The hidden history of product placement

Journal of Broadcasting & Electronic Media, Dec, 2006 by Jay Newell, Charles T. Salmon, Susan Chang

It took a movie about a child-sized alien lost on Earth to place the advertising practice of product placement into the public consciousness. In E.T. the Extra-Terrestrial (Kennedy & Spielberg, 1982) the alien followed a trail of Hershey's Reese's Pieces to his new home. The movie was a hit, sales of Reese's Pieces increased dramatically, and to some the product placement industry was born (Snyder, 1992; Van Biema, 1982). Product placement in motion pictures is now valued at $1.2 billion annually, with television revenues exceeding $1.8 billion (Kivijarv, 2005).

However, this research will contend that product placement was a sophisticated sub-business long before E.T. that was fully integrated into the making and marketing of mass media content as early as the 1920s and that product placement in mass media began with the birth of motion picture projection in the mid-1890s. This research traces the development of product placement from its earliest years to the breakthrough success of E.T. in the early 1980s and shows how product advertising had been intertwined with the business dealings of the motion picture and television communities from their earliest days.

This research also explicates the development of mass media business rationales for product placement. It shows that in motion pictures, product placement was initially the result of intermarrying family ties with business but quickly transformed into a method of reducing the cost of motion picture production while providing no-cost exposure for products. As the distribution of programming changed from local to national, the movie industry soon learned to tie on-screen placements of products with offscreen promotion, thus increasing the potential audience while reducing the out-of-pocket advertising costs.

However, for television, the product placement was seen as a threat to advertising revenue, and an underground trade developed in which program staffs worked with manufacturers' publicity agents to promote products on air.
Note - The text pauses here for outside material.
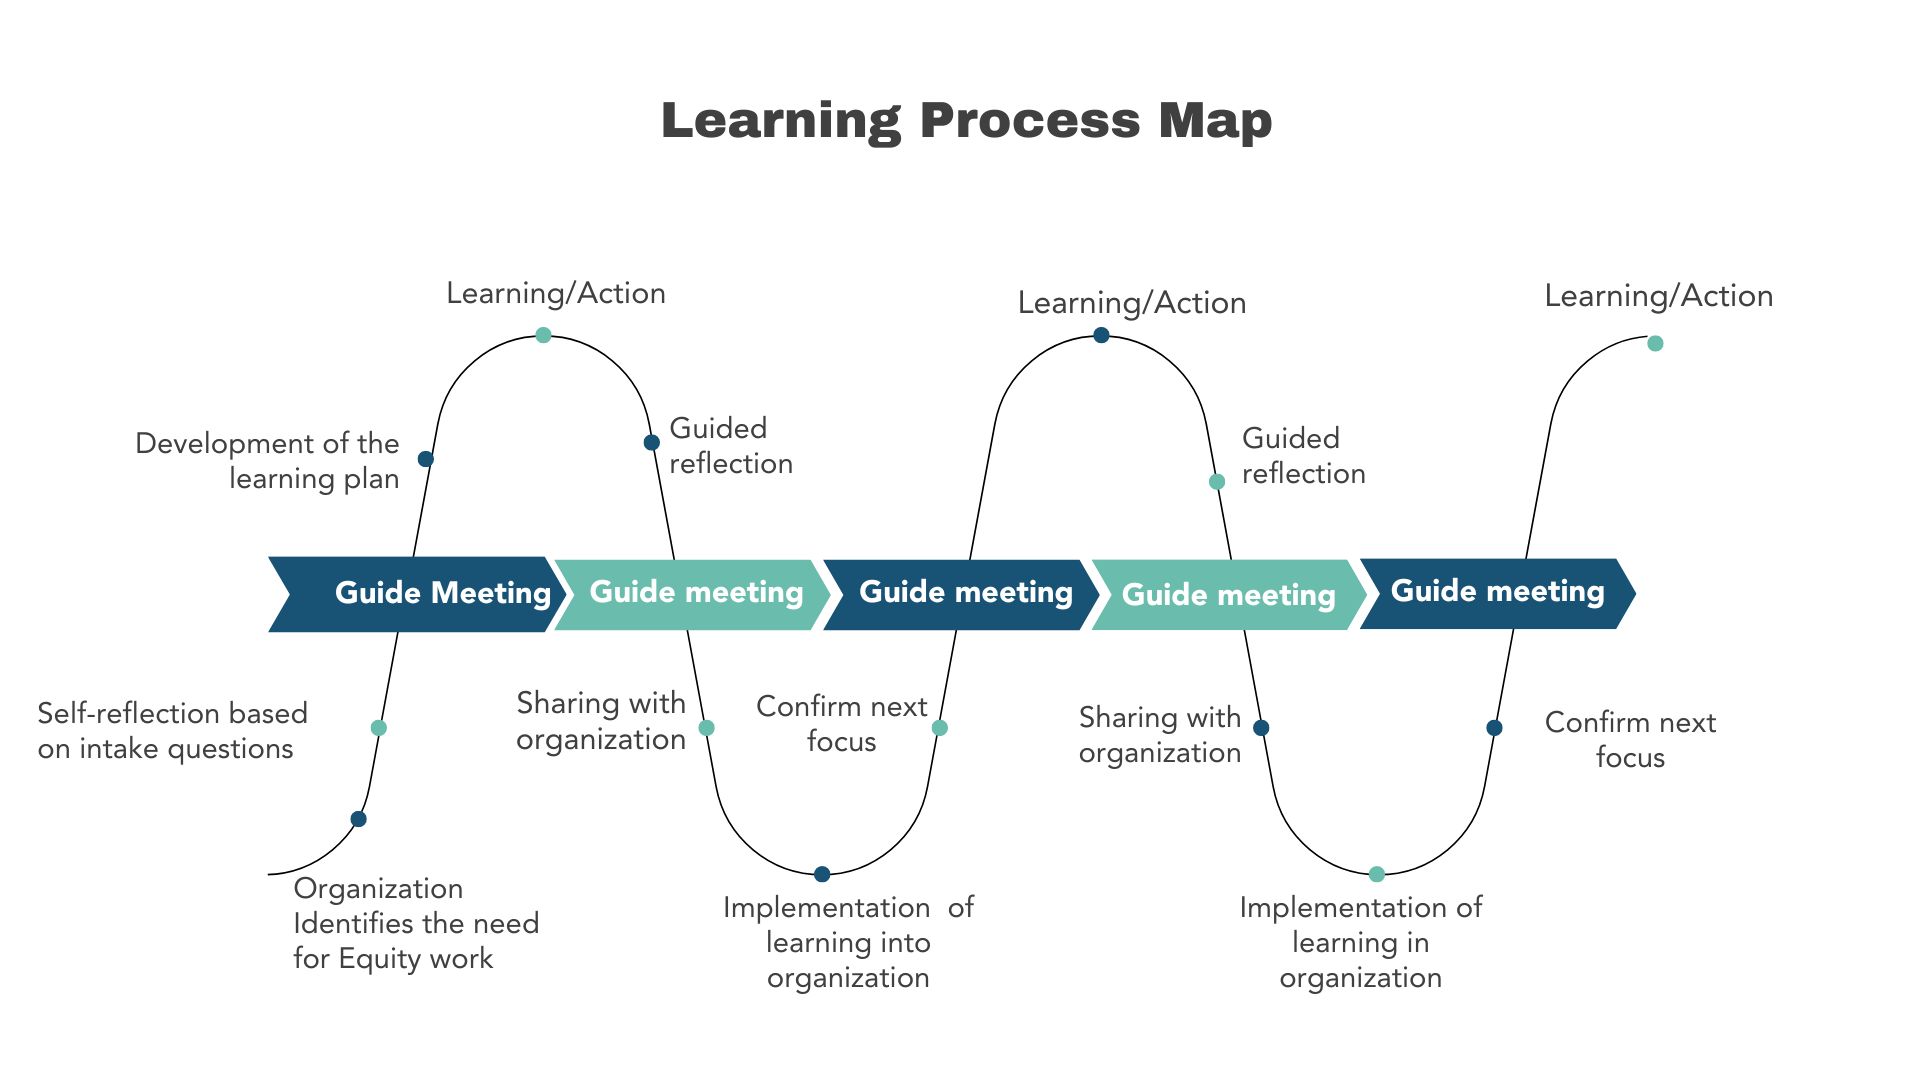 Learning process map. 1. Organization Identifies the need for Equity work 2.Self-reflection based on intake questions 3. Check-in meeting with Guide. 4. Development of the learning plan 5.Learning/Action 6. Guided Reflection 7. Check-in with guide 8. Sharing with the organization. 9. Implementation of learning into the organization. 10. confirm next focus. The cycle repeats over the course of the program.

The rewards of product placement available to motion picture producers were less relevant to the television industry, and the strains of grafting motion picture style placements into television are still evident today.

Defining and Researching the Development of Product Placement

The scholarly literature that mentions the development of product placement rarely identifies instances of product placement as occurring prior to the 1980s, and those that do are inconsistent in their evaluation of the beginnings of product placement. Balasubramanian (1994) suggested that product placement was not an organized business until the mid-1980s, whereas Miller (1990a, 1990b) argued that product placement was an unstructured part of Hollywood operations until movies such as E.T. successfully intermixed artistic and commercial endeavors. Wasko (1994) acknowledged instances of product placement as beginning in motion pictures of the mid-1940s, but Eckert (1978) noted activity that would today be called product placement as taking place first in the 1930s.

The term product placement did not come into scholarly or trade use until the 1980s (e.g., Harmetz, 1983), so locating product placement within the mass media industry must begin with a brief look at industry terms that began during the early growth of movie marketing: exploitation, tie-ups, and tie-ins. In the first years of filmmaking, when motion pictures were promoted locally as packages of multiple films and not nationally as individual titles, exploitation referred to any sort of publicity that might generate attendance (DeBauche, 1985; Staiger, 1990). Beginning around 1915, as promotion for motion picture attendance began to focus on individual titles, the term exploitation became differentiated from both paid advertising and press relations to indicate promotional events, such as contests and giveaways (Gaines, 1990). Within exploitation, the on-screen use of products was variously termed "publicity by motion picture" (Dench, 1916), "moving picture advertising" ("Ethics of Motion Picture Advertisers," 1930), "co-operative advertising" (Harrower, 1932), "plugs" ("Firms Get Free Ads," 1939), "tie-in advertising" ("Tie-In Advertising," 1951) and "trade outs" (Lees & Berkowitz, 1978), or simply "exploitation" (Steele, 1925). However, the terms that endured from the 1920s onward through the 1970s were tie-ups (Barry & Sargeant, 1927) and more recently tie-ins ("Tie-In Advertising," 1951), both terms interchangeable and representing a cooperative venture between a media maker and manufacturer, in which on-screen exposure of a product, offscreen endorsement by an actor, or a combination of on-screen appearances and offscreen endorsements were traded for paid advertising and unpaid promotions by the manufacturer (Eckert, 1978).

The tie-up offered benefits for multiple players in the filmmaking and distribution industry. For the motion picture producer, the tie-up delivered free props. For the manufacturer, the tie-up provided in-theater exposure for products to a captive audience and the chance for the product to be associated with well-known actors on- and offscreen. In addition, the tie-up created the marketing option to use footage or publicity stills from the movie in the company's outside advertising. Besides being a direct pitch for the product and the manufacturer, this "as seen in the motion picture ..." advertising was a boon to the motion picture distributor, providing zero-cost advertising for the picture.